George Clooney’s new film, Up in the Air, is rubbish.  Unless you enjoy watching a film about the assholes who go into downsizing corporations to professionally “let people go” that in no way deals with the subject of just how fucked up that is.


Finally, I’m pretty sure that Obama’s momentary “tough talk” about banking regulation will die down pretty quickly.  Not only has “Mr Bank Bailout”, Ben Bernake, been given a second term at the Fed (so no change there), but Wall Street have been gearing up an army of lobbyists over the past twelve months (to the tune of $26m) and are planning of unleashing them in opposition to any plans for regulation.  When you combine that, the banking industry’s $78.2m in donations to well-greased federal candidates and party committees, and the recent Supreme Court decision to remove all limits on how much private corporations can spend on political influence, I think you’ll agree: banking regulation in 2010 just doesn’t have a chance.



  1. Questions, questions questions

    1. How does the outcome in Iraq make Blair a mass-murderer? I'm intrigued.
    2. Could you expand on your claim that the evidence that Sadam was not a threat was available to anyone with an internet connection and library card. I always thought this sounded a bit silly when Brian Eno made pretty much the same claim on News Night. (Come on, you nicked it from him didn't you?)
    3. What's wrong with Blue Ray? Blue Ray is well good.

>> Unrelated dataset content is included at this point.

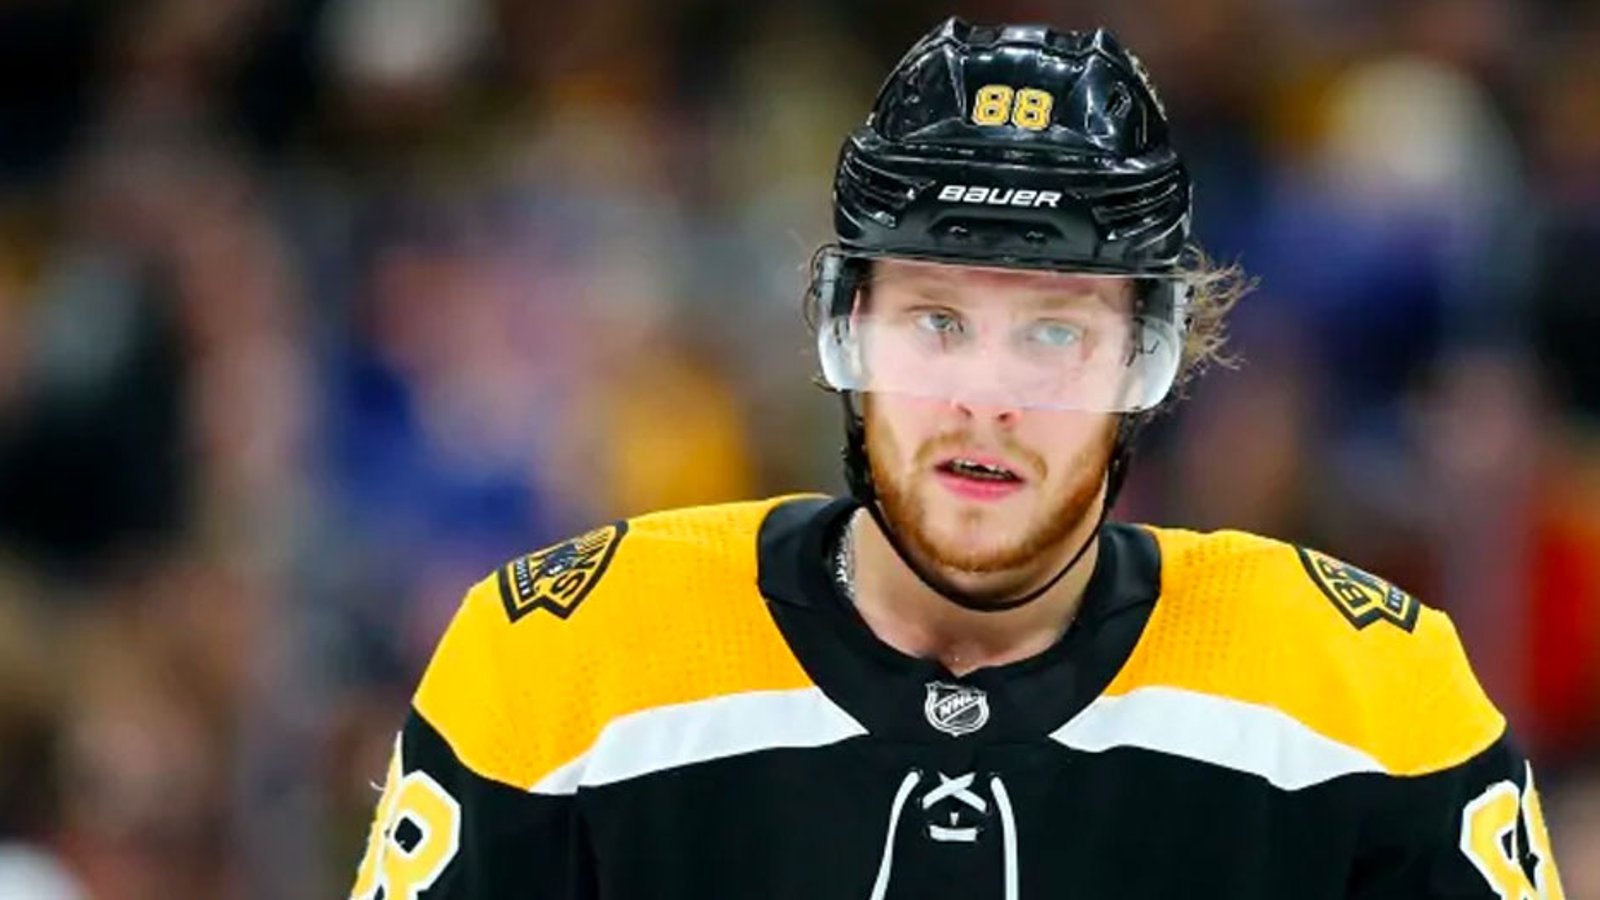 Two Bruins, including Pastrnak, deemed “unfit” to take part in practice!

  2. In answer to your questions "anonymous"...

    1. The outcome in Iraq makes Tony Blair a mass murderer because the unjustified and illegal war he wilfully started on a lie has led to the unecessary deaths of hundreds of soldiers and over a hundred thousand Iraqis who wouldn't be dead if he hadn't of done it. The outcome was entirely predictable, entirely avoidable, and thus Blair must be held morally culpable for it.

    2. I've expanded on this claim on several earlier posts on this blog and never heard Brian Eno on Newsnight (though he, like me, is absolutely right if that is what he said). With my library card and internet connection I managed to read both Scott Ritter's and Hans Blix's extensive reports on WMDs in Iraq; both of which said there was no evidence of WMDs in Iraq. I managed to read at least fifteen different books all saying the same thing from a variety of different credible sources - experts on the region, scientists, politicians, weapons inspectors, journalists - and I managed to read Colin Powell's 2001 press briefing in Cairo, where he himself said Saddam "has not developed any significant capability with respect to weapons of mass destruction," and that he is "unable to project conventional power against his neighbours". The holes in the government's case were easy to spot, and have since been vindicated by history. Bush andd Blair knew all this but started the war anyway, because it was never about WMDs for them.

    3. Blu-Ray and the entire HD movement is just a way for the entertainment industry to sell our DVD collections to us all over again. Who cares if the thing has a slightly crisper picture? I don't, and you shouldn't either. At least DVDs were trimmer than videos, took up less space, and fit more onto them. There was therefore arguably a legitimate logistical reason to make the transfer, and it revolutionized TV box-sets for the better. The difference between a DVD and Blu-Ray disc, however, is minor, and at the cost it takes to do it, hardly worth the effort.